Which of the three factors the demonstrators, the rioters choose to spin their rhetoric around will vary, like with the distance to Israel. Another is the longevity of the autocracy, like 20, 30 years. Yet another is pure tactics, how to make more allies, by denouncing the USA or by downplaying that theme? Some US commentators are celebrating no “down with US imperialism” in some revolts, and the focus on democracy and human rights, maybe planning how to manipulate elections and bribing with freshly printed Fort Knox bills. Investment will be promised, known to benefit the rich more than the poor. Soon we will hear from China.

But right now let us celebrate. By and large nonviolent revolts in most of Maghreb and Mashreq reveal the fragility of even global and regional superpowers. They now face moments of truth with WikiLeaks truths that no doubt inspired and ignited the masses up front. US commentators with unfailing talent for choosing wrong levels of analysis point to demonstrators being mostly young, educated and unemployed. Give them fellowship and jobs? Maybe they need some agility to jump up on a water cannon tank, some education to see through the massive propaganda, and be unemployed to have time off for political work in the streets, no fear of losing a job? Being denied expression in free elections maybe the demos, the people, find ways of reclaiming power?

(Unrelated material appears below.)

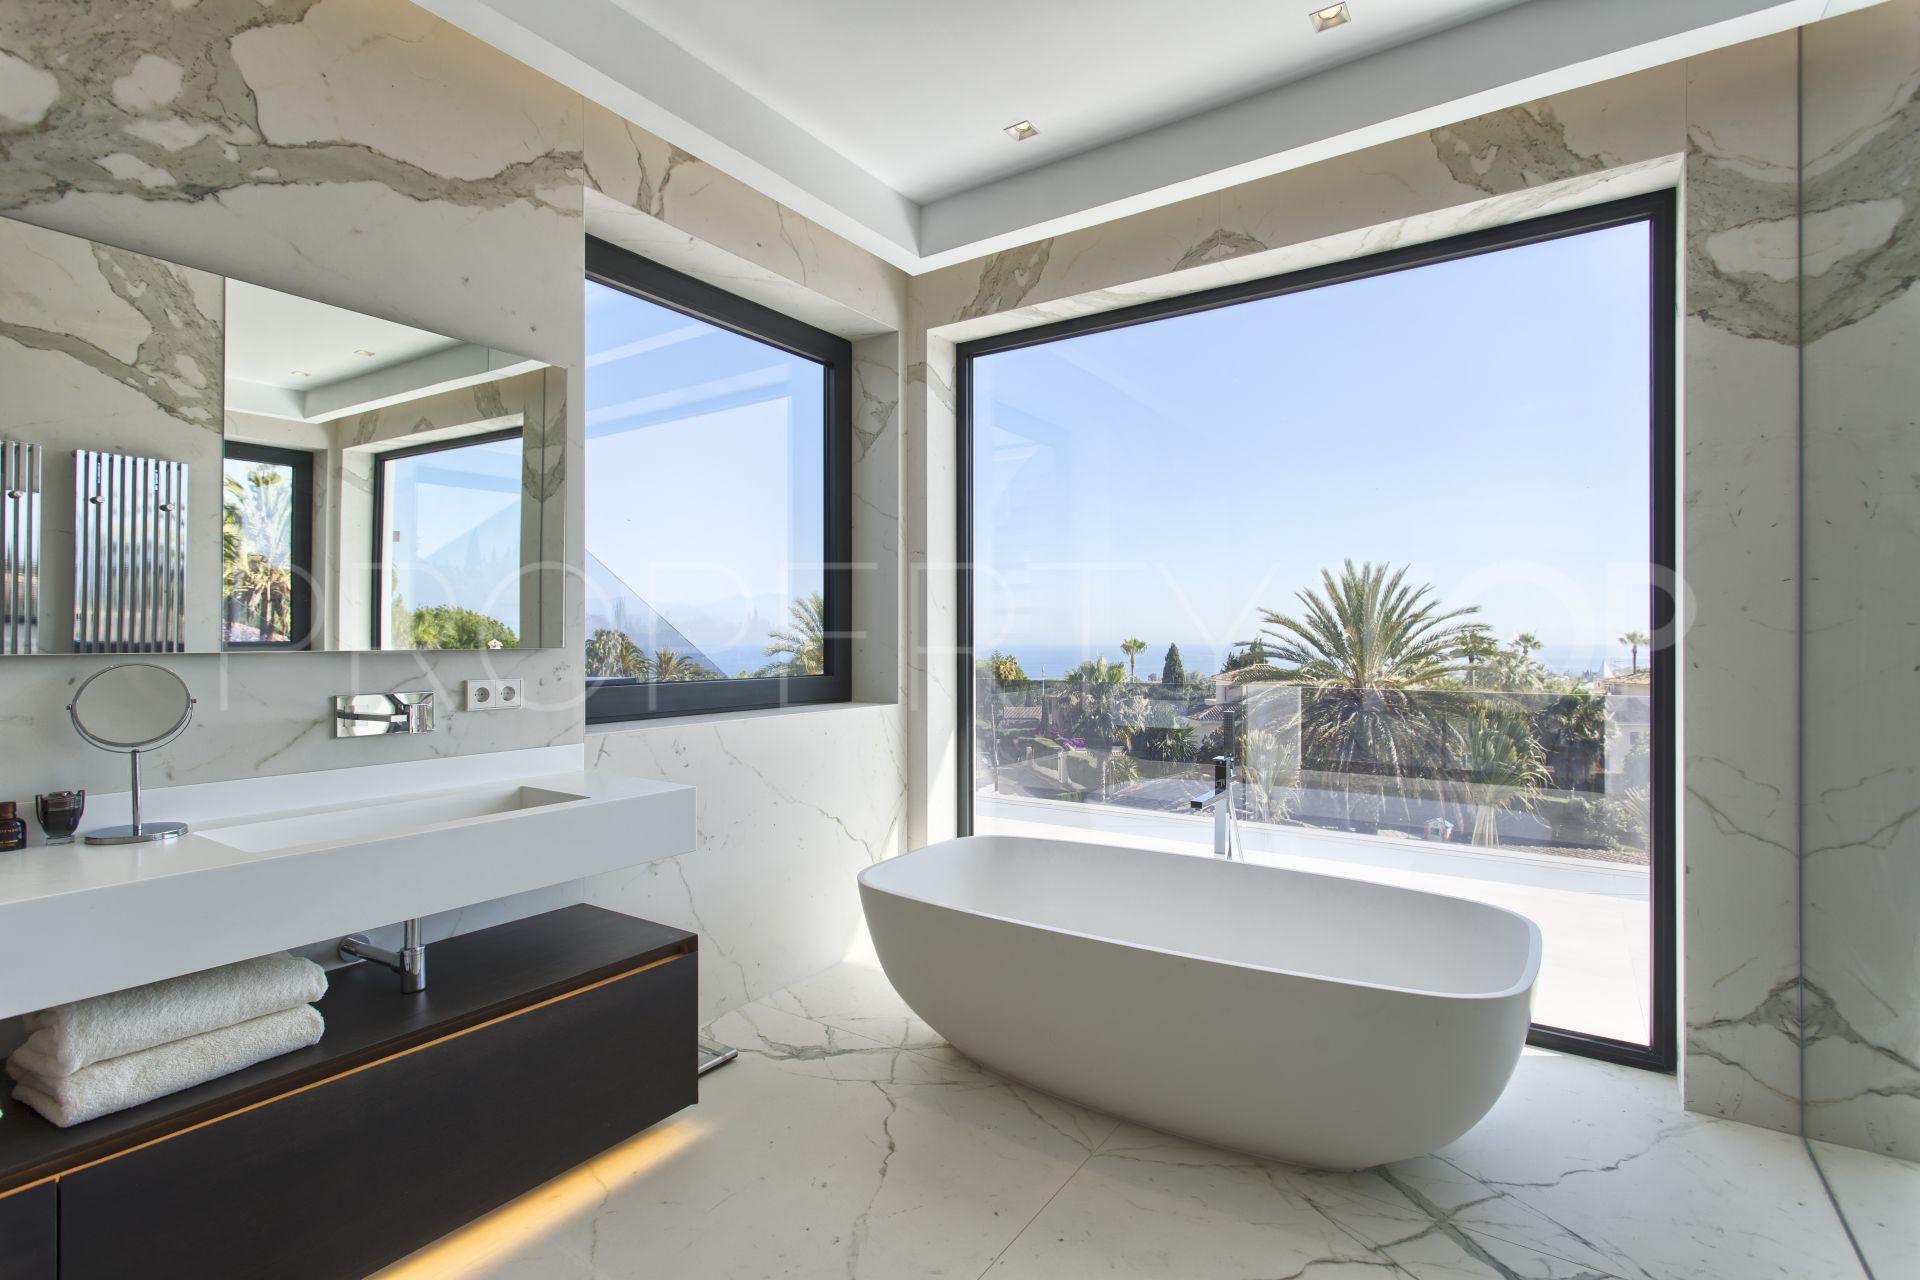 5 bedrooms Nagüeles villa for sale | Luxury Villa Sales
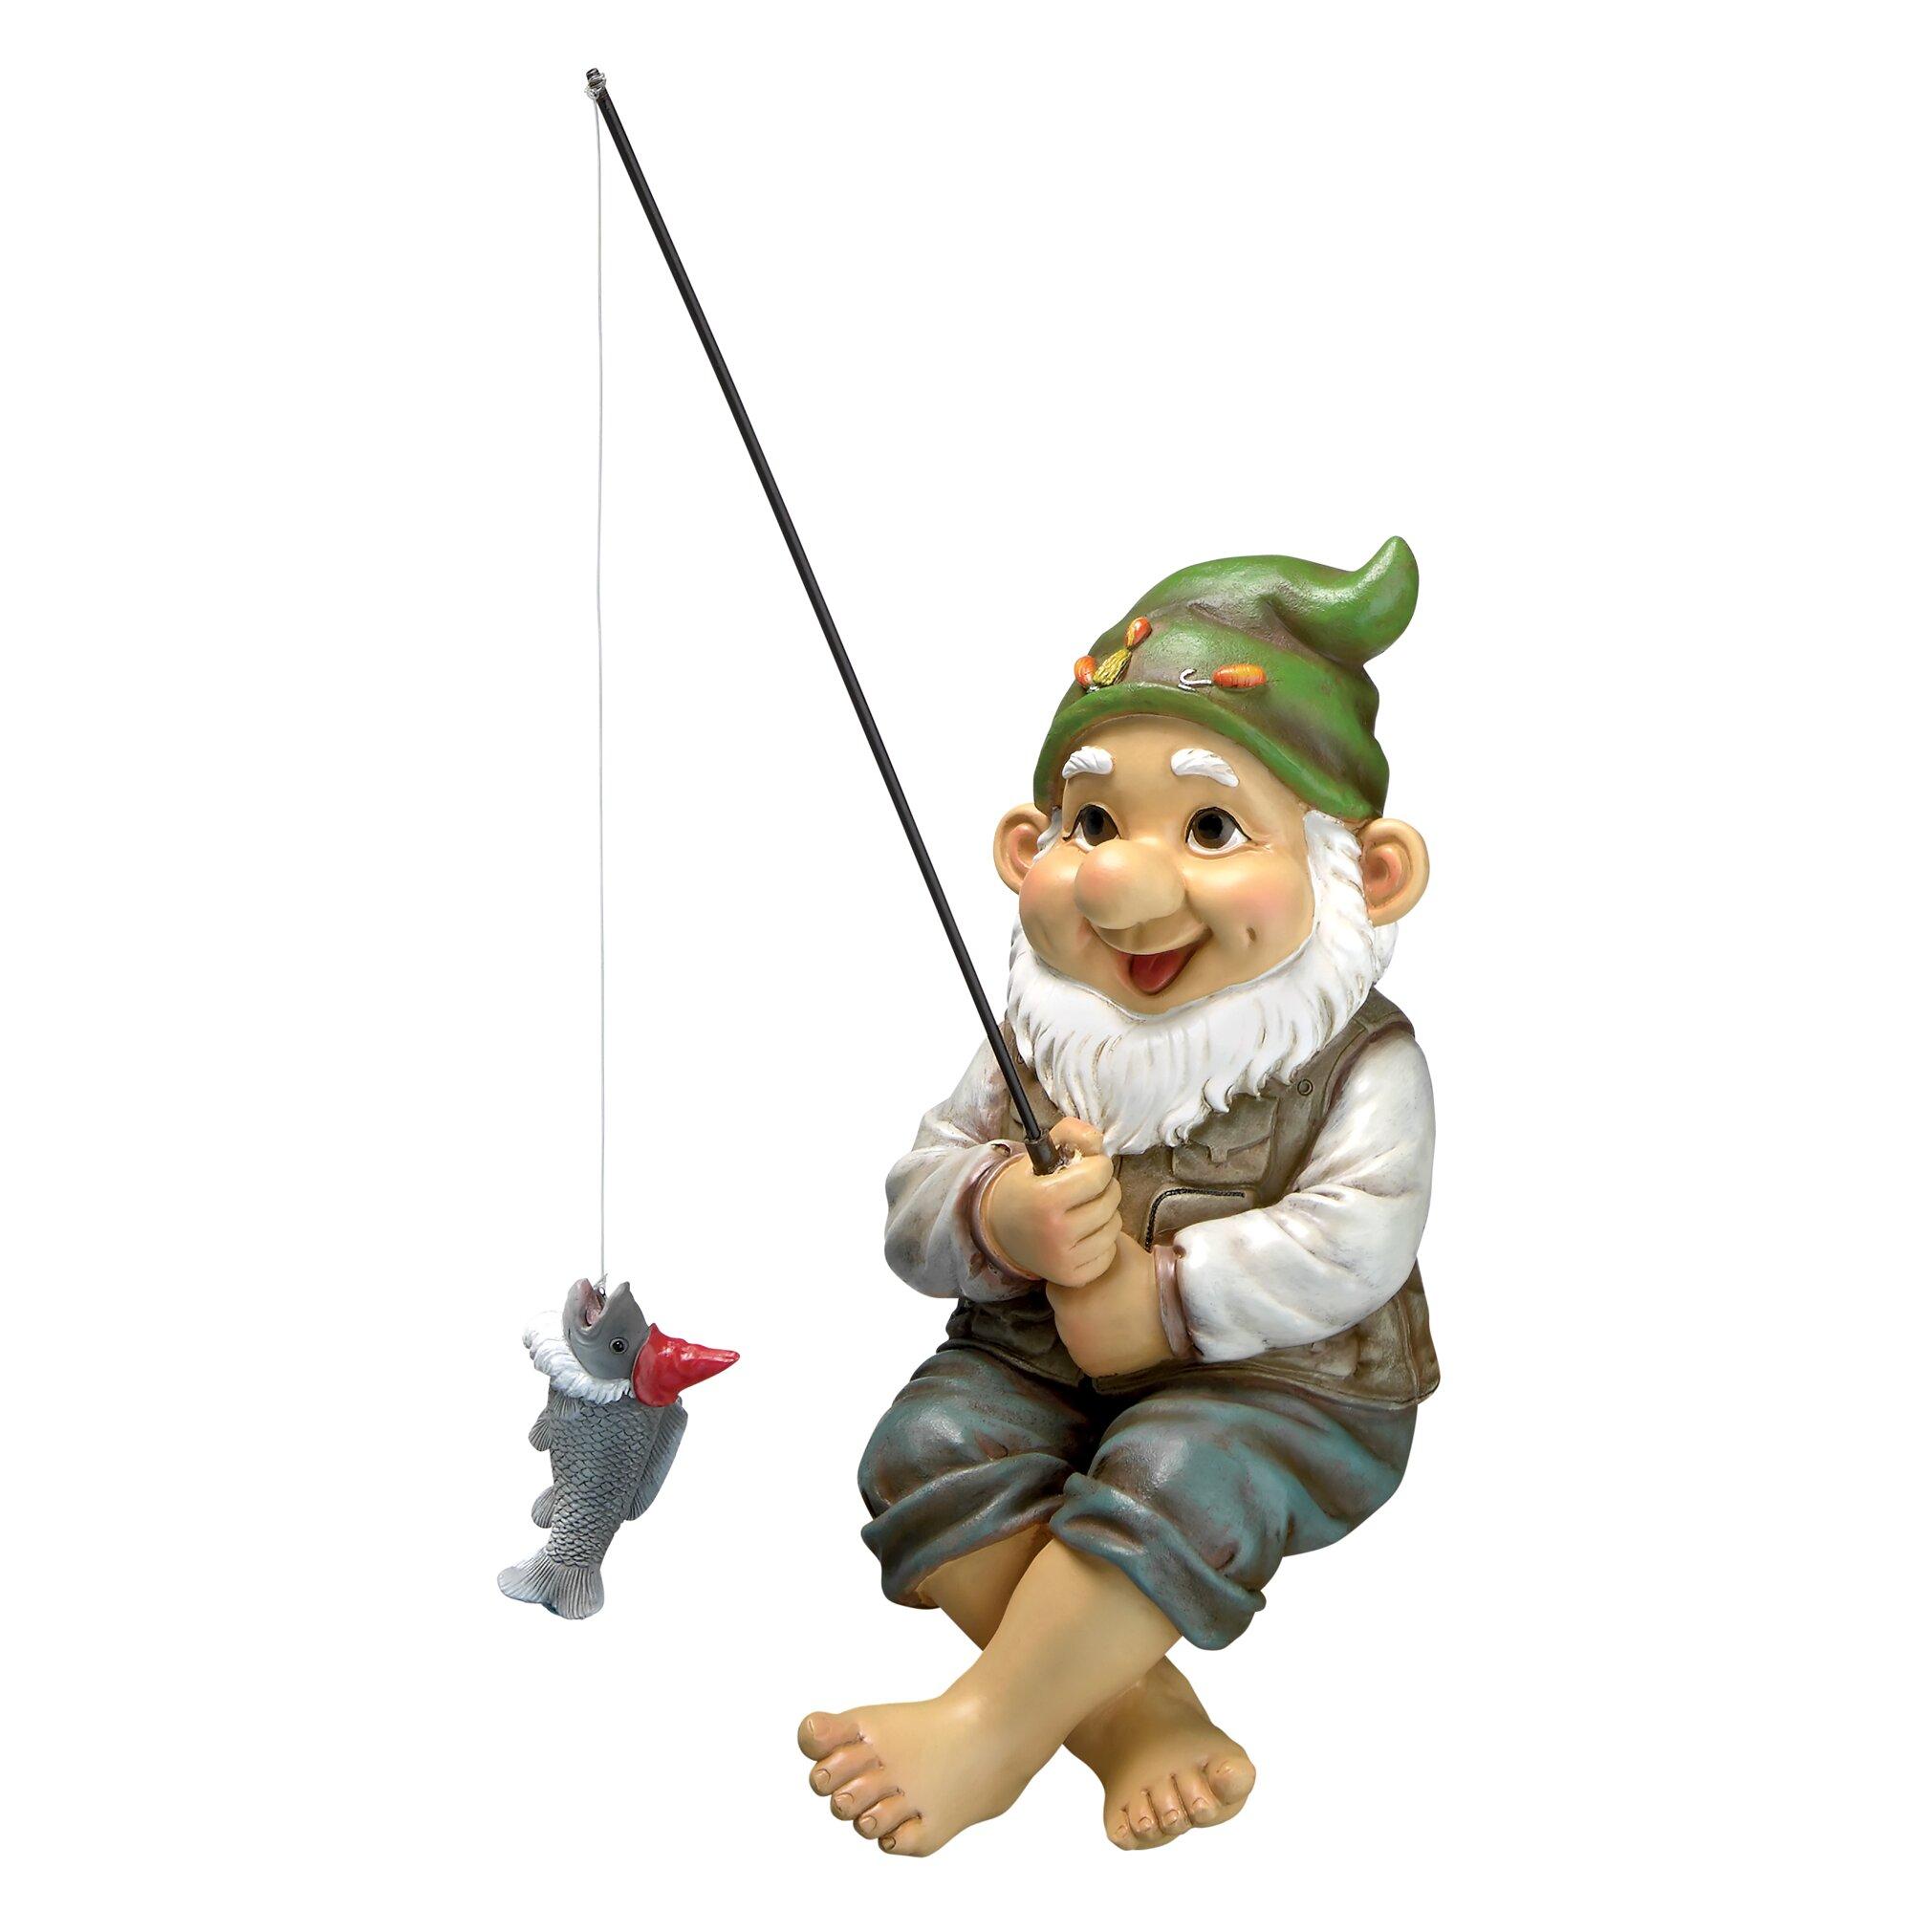 Garden Gnomes On Sale: Design Toscano Ziggy The Fishing Gnome Garden Statue

I remember a meeting in Cairo on 18 December, addressing Cairo University professors on world trends, including in and around Israel and the USA, and rising inequality, predicting revolts. Those attending said, our poor get poorer by the hour, but police and military make revolts impossible. I said that they might join being themselves repressed, exploited and alienated. And exactly that seems to have happened – and not only in Egypt – after initial brutality. A shock for the powers-that-were, now collecting their gold for oasis life in Saudi Arabia. Also soon to go.

And the USA? And Israel? An Israeli general recently revealed plans to attack Hamas and Hezbollah in Gaza and Lebanon. But many more planes are needed. Attacking a Muslim Brotherhood guided Egypt? Maybe too much even for Israel and the USA, given that both hegemons have very serious polity and economy problems.

Or, could this wave of people reclaiming foreign policy, the polity and economy from the clammy hands of small groups come to – miracle of all miracles – hit the hegemons themselves? And open for a real peace process, involving everybody concerned? Inshallah.